I just want to say...don't do it. It will cause you pain, it will wreak havoc with your life. it will drain you dry. You already sound fairly emotionally involved...please start NC, don't let it be too late.
benska
Edited 9/2/2009 6:17 pm ET by benska2003
Hi kelugirl,
I have to agree with benska. I think you should also go NC. I'm not judging in any way. I just know how painful it is the longer the situation goes on. I also have insecurity issues and it makes being in an A so much harder to deal with than someone who doesnt have these issues. I go through the same things sometimes, wondering what he wants from me, waiting and waiting and waiting to hear from him and wanting him to say things so that I know for sure he cares about me and loves me. I get on my own nerves sometimes. I'm trying to work on these issues because I hate being like this, yet I'm so wrapped up in this I'm not sure if I'm going left or right.
It's mentally tiring and really draining. I think about him constantly, it comsumes me some days. You said you feel 90% crazy, sad and mad and 10% of the time happy. I feel exactly the same way. I think we feel this way because we overanalyze everything,
Caribu...thank you for your post. To hear a bit of your story, makes me feel like I am not alone. Today was hard - so badly wanted to text him but I just couldn't. I can't go through the anguish of maybe not getting a response but its equally heartwrenching for me not knowing if he still wants to be with me or its done. We had an amazing time on Saturday night - he texted me the next day saying how much he truly enjoyed my company, our chats and how amazing he thinks I am. But nothing since then....

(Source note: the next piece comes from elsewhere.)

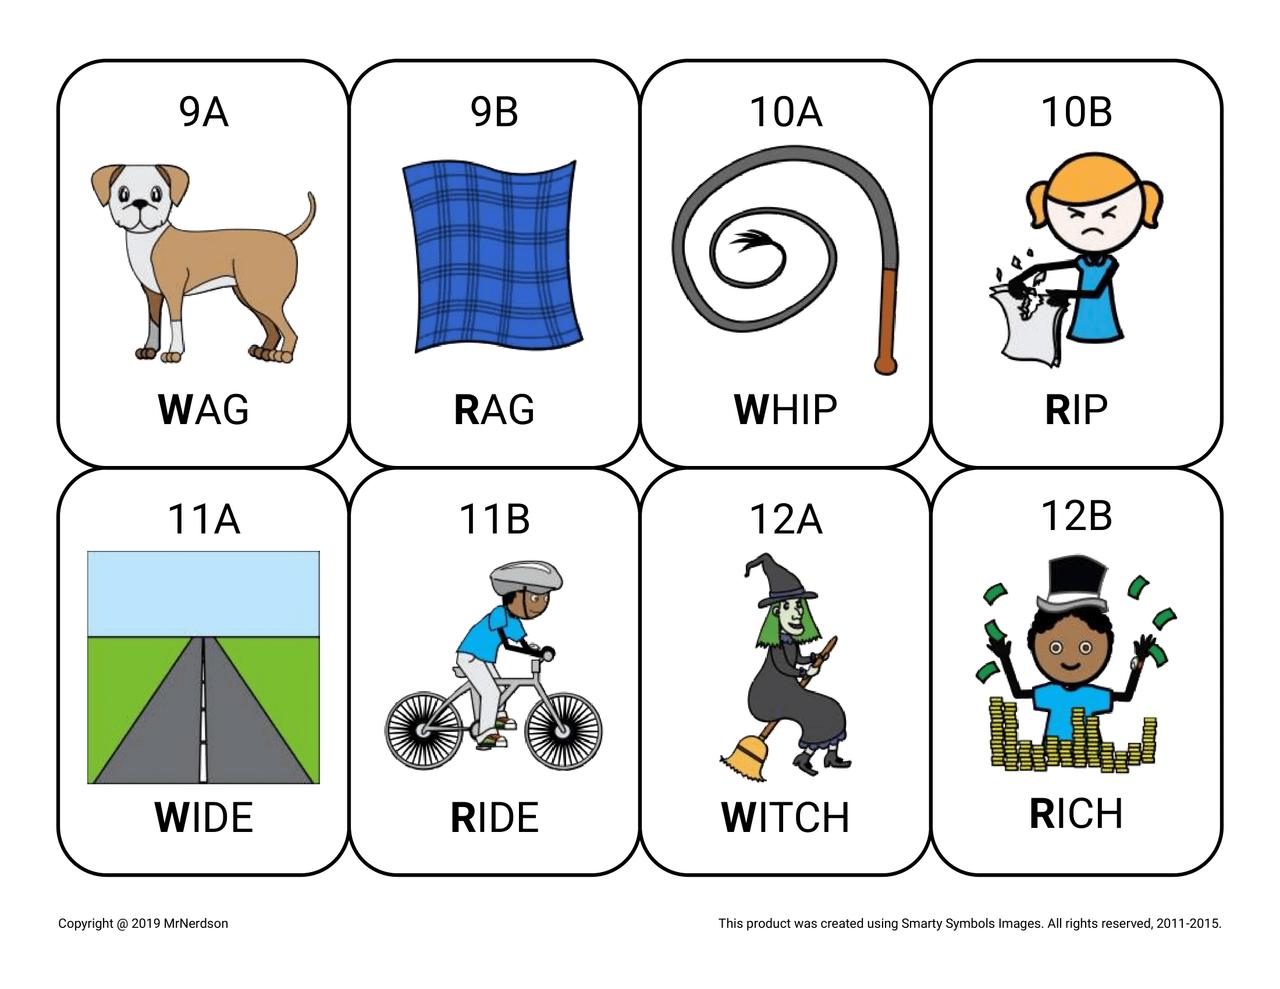 W-R & W-L Minimal Pair Cards

Its funny, I sit here and reread what I wrote above...how I am dying to hear from him...but I should be running the other way. He doesn't care...ABOUT ME...ABOUT HIS SPOUSE...I think he is just that type of person and I am really trying to get beyond that there is something about me he doesn't like. Thats what I struggle with. I have been nothing but the true, real me. I have to get him off the pedestal I have put him on and try and move on. We don't have a future. I think he has issues but I thrive in the fantasy of who he is when we are together. Beyond that, in real life, is he someone I would want to be with, be proud to introduce to my friends and family. Probably not. I need to get out so he can focus on his 2 kids...I don't want to have any part of ruining their innocent lives because of this. It wouldn't be worth it.
wow, I understand exactly what you are going through......
I made excuses too...maybe there is something wrong with my phone??!! For 7 months, he couldn't see me (lost his job, baby on the way)...I bought that for awhile but I think if someone really wants to see you, they will make the effort.
Just don't get how he makes me feel like I am "the girl" yet the actions just don't match up.
I make excuses too. I hate when phone calls don't come when promised or my text messages get no response. I feel almost devastated and I automatically think it's something I must have said or did at some point or that he isnt interested anymore. Then I say, maybe he can't usethe phone b/c the W is around or maybe something happend to him. I waste so much time and energy in this situation, its sickening. I dont think I can deal with this A much longer. I want him to want to be with me and only me. If he doesnt make some kind of decision soon, I will have to end this. It's just too painful sometimes. I'm trying to hang on for awhile and give him time but not for too much longer.
I am really trying to work on loving myself and bettering who I am. I think that is one of the main reasons I feel so much anguish in this relationship. I know I'm a good woman but these insecurities make you think all kinds of stuff about yourself. It's ridiculous. I will continue to work on me and hope for the best. You gals arent alone, I feel your pain.
We will get through this somehow. Hugs, hugs and more hugs
Kel,
K we are not seeing the same guy lol but for sure they sound alike.
I know exactly what you feel... for the past year and half I been with xAP, I felt like this intense connection between him and I.